Purpose of the Study:
- To develop and evaluate a machine learning model for predicting COVID-19 patient risk of ICU admission during hospitalization.
- To assess the model's performance in identifying patients requiring critical care.
Main Methods:
- Retrospective cohort study involving adult COVID-19 patients from three Spanish hospitals (n=1272 for development, n=550 for validation).
- Development and validation of a classification model using machine learning techniques.
- Evaluation of model performance using metrics such as sensitivity, specificity, and area under the curve (AUC).
Main Results:
- A LightGBM model incorporating 40 variables demonstrated high predictive performance.
- The model achieved an AUC of 1.00 (0.99-1.0), specificity of 0.99 (0.97-1.00), and sensitivity of 0.92 (0.86-0.98) on the test dataset.
Conclusions:
- A highly accurate model for predicting ICU admission in hospitalized COVID-19 patients was successfully developed.
- Early identification and prioritization of high-risk patients facilitate appropriate care allocation, especially during periods of healthcare system pressure.
Abstract:
Background: The COVID-19 pandemic clearly posed a global challenge to healthcare systems, where the allocation of limited resources had important logistical and ethical implications.

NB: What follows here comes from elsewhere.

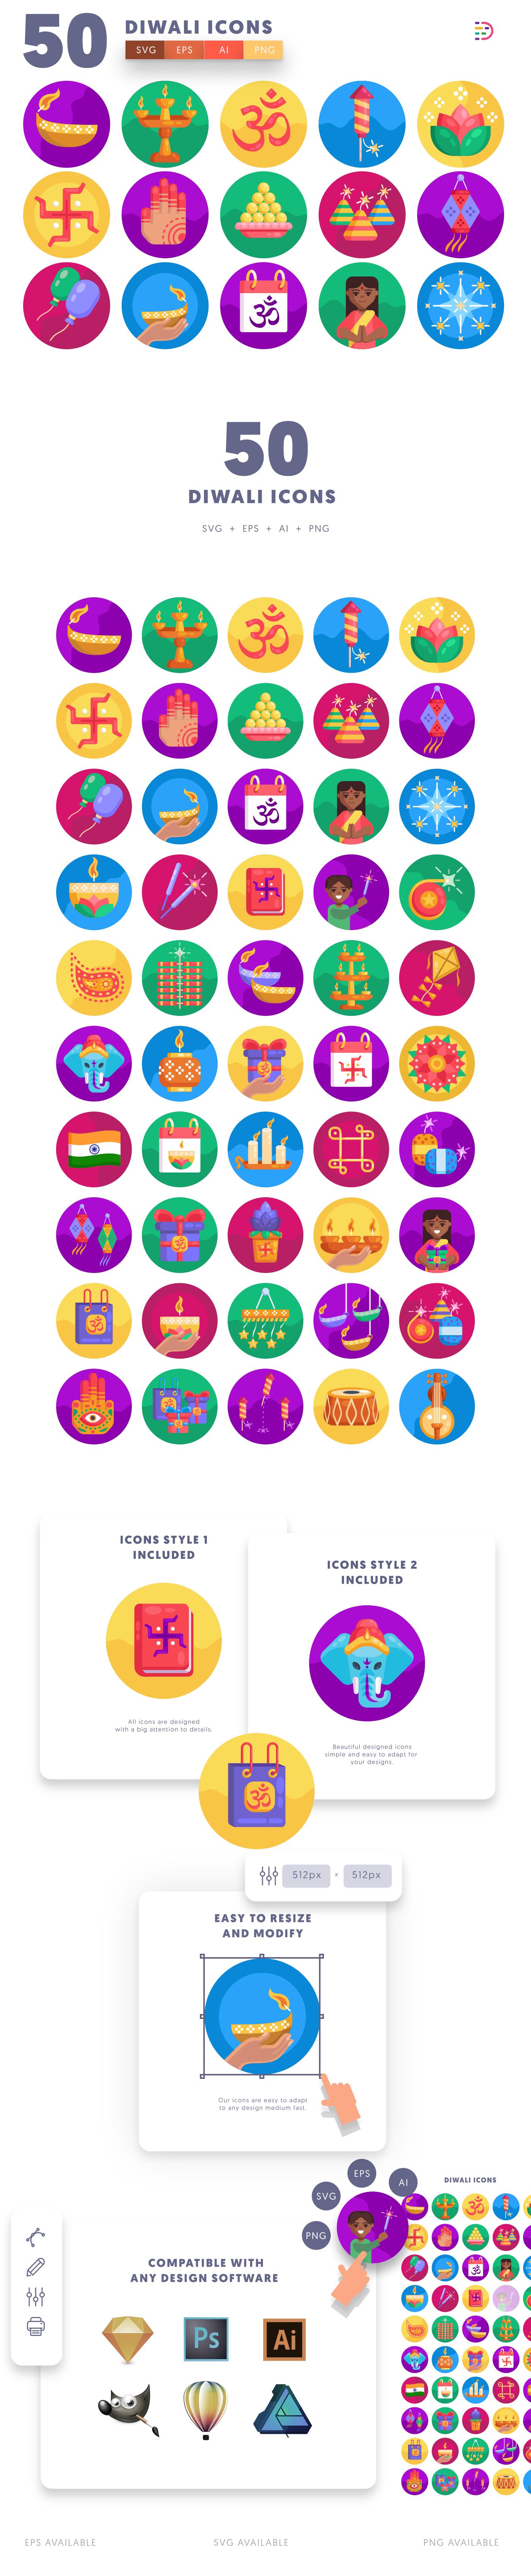 Diwali icons info graphic
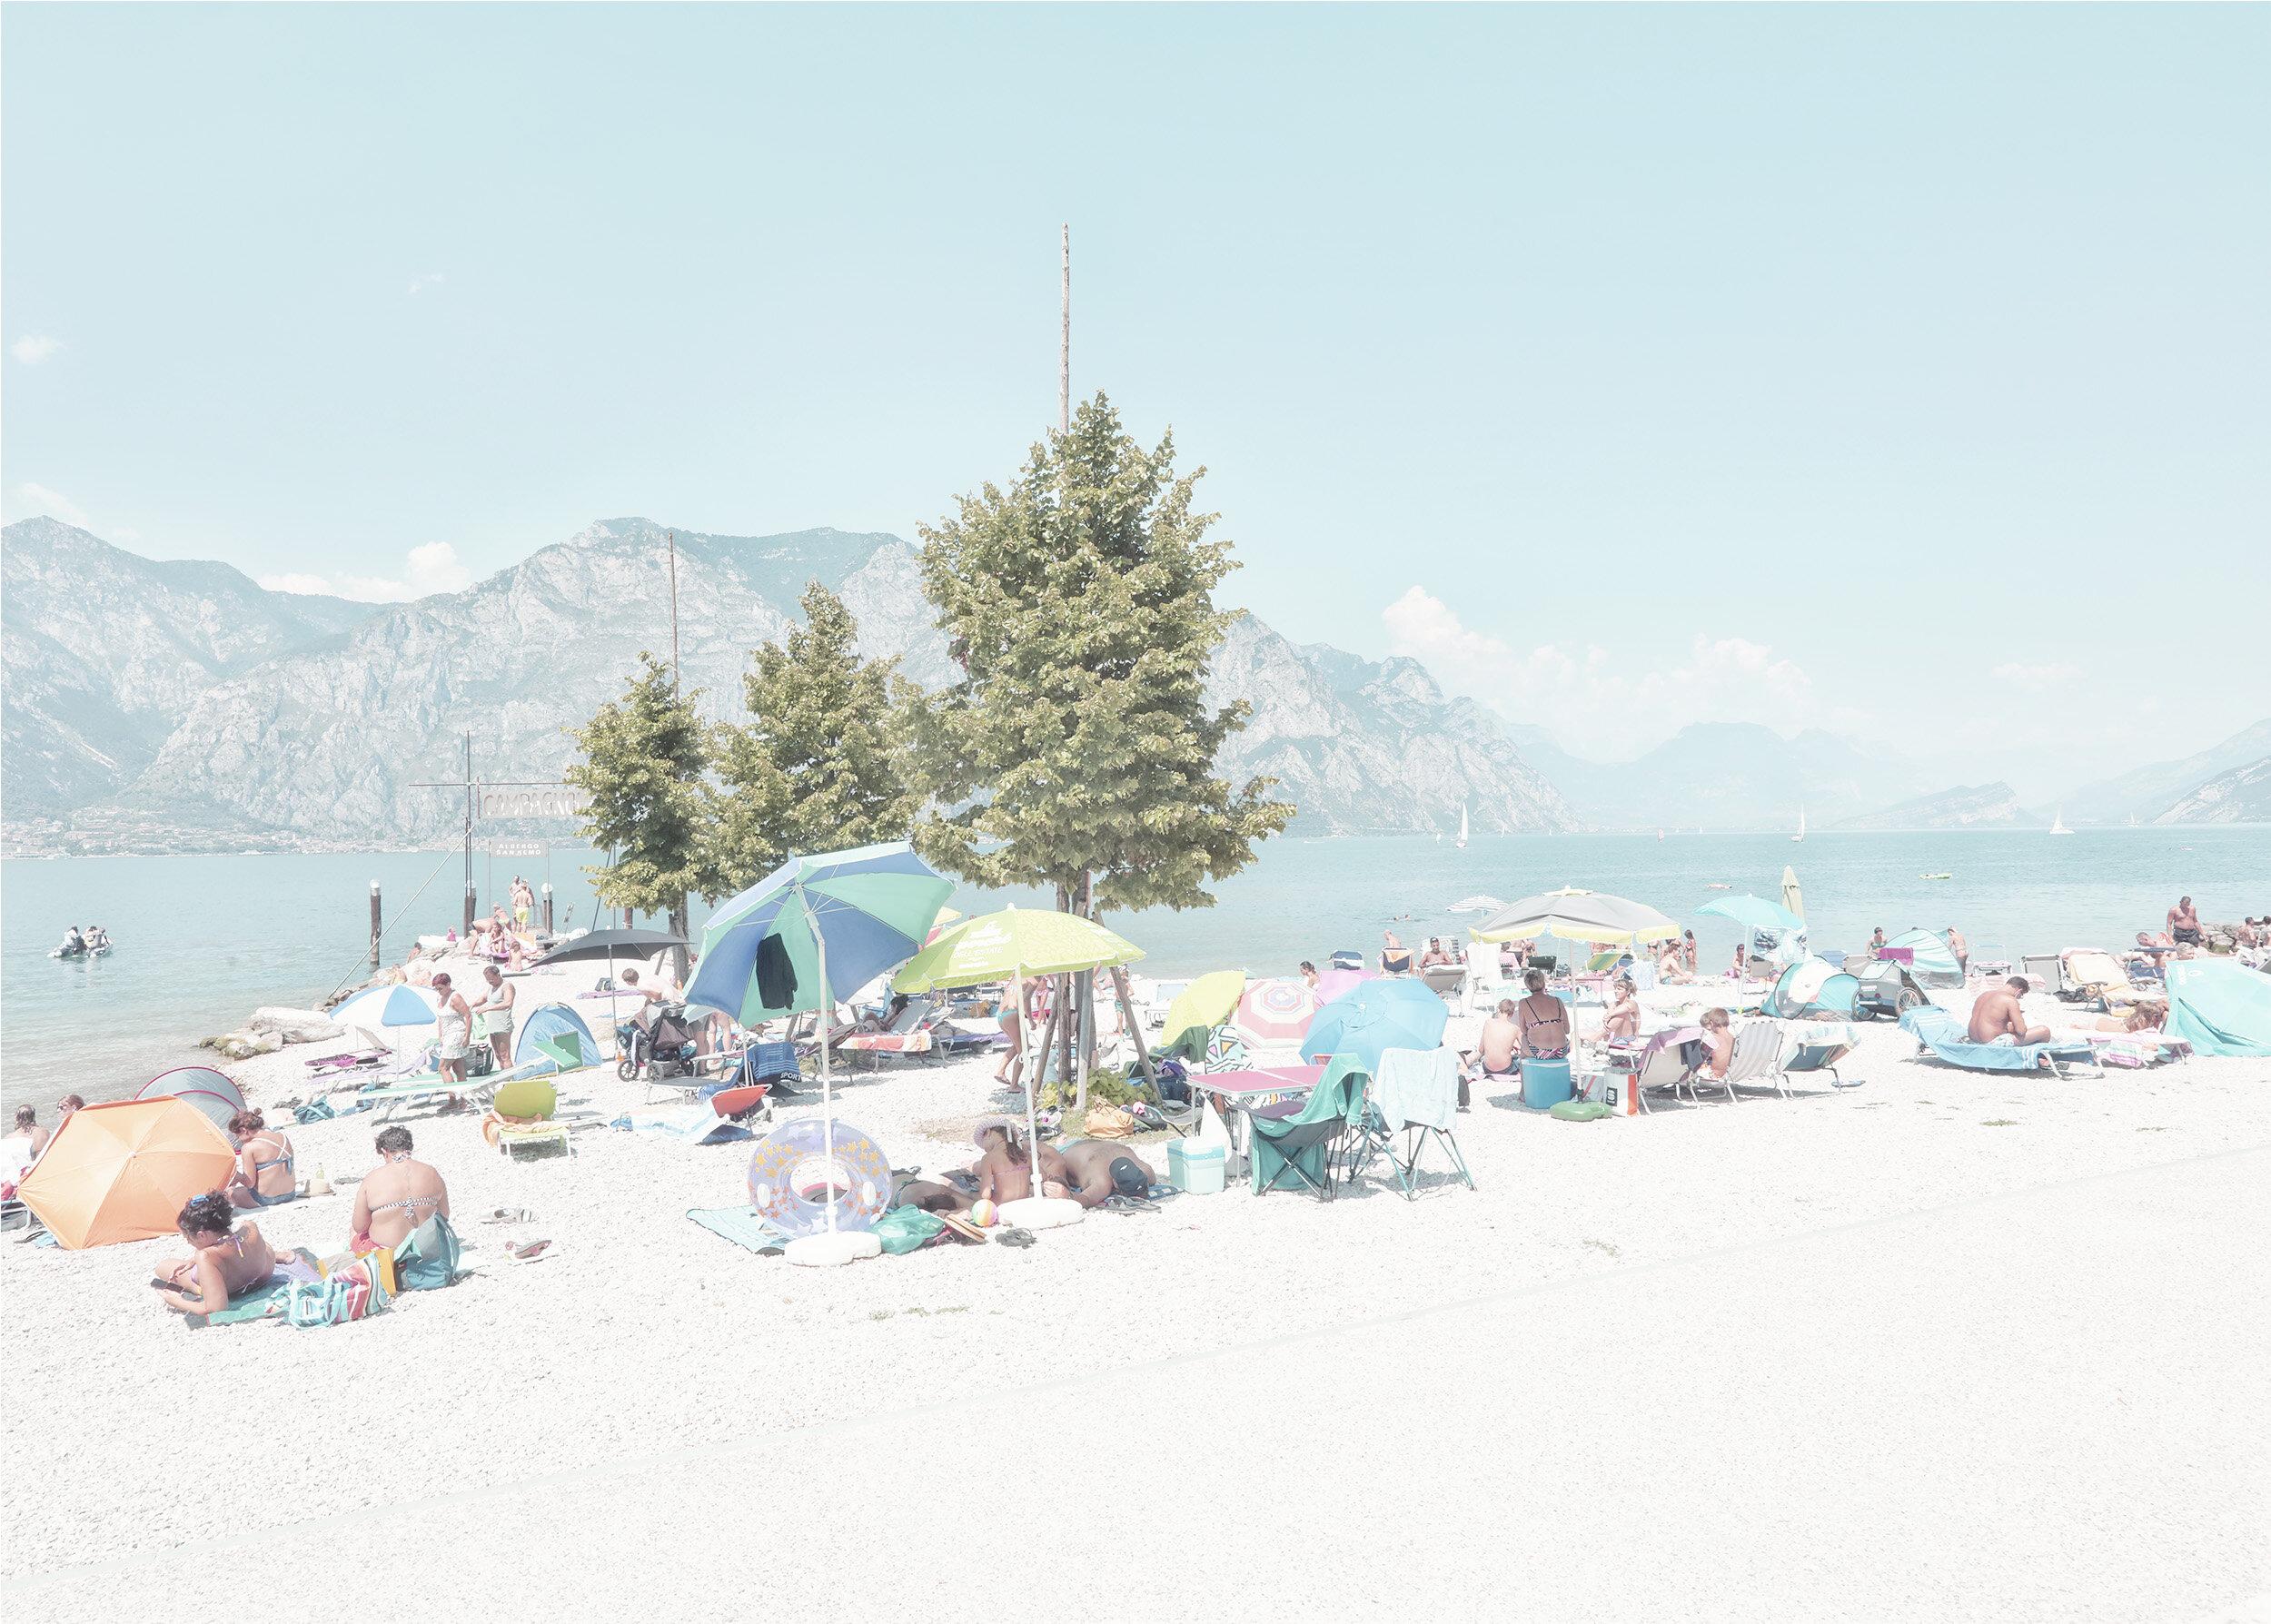 Riva I - Lago di Garda, 2018

Detecting and prioritizing the population at risk of intensive care unit (ICU) admission is the first step to being able to care for the most vulnerable people and avoid unnecessary consumption of resources by mildly ill patients. Objective: To create a model, using machine learning techniques, capable of identifying the risk of admission to the ICU throughout the hospital stay of the COVID patient and to evaluate the performance of the model. Methods: A retrospective cohort design was used to develop and validate a classification model of adult COVID-19 patients with or without risk of ICU admission. Data from three hospitals in Spain were used to develop the model (n = 1272) and for subsequent external validation (n = 550). Sensitivity, specificity, positive and negative predictive value, accuracy, F1 score, Youden index and area under the curve of the model were evaluated. Results: The LightGBM model, incorporating 40 variables, was used. The area under the curve obtained by the model when the test dataset was used was 1.00 (0.99-1.0), specificity 0.99 (0.97-1.00) and sensitivity 0.92 (0.86-0.98). Conclusions: A model for predicting ICU admission of hospitalized COVID-19 patients was created with very good results. The identification and prioritization of COVID-19 patients at risk of ICU admission allows the right care to be provided to those who are most in need when the healthcare system is under pressure.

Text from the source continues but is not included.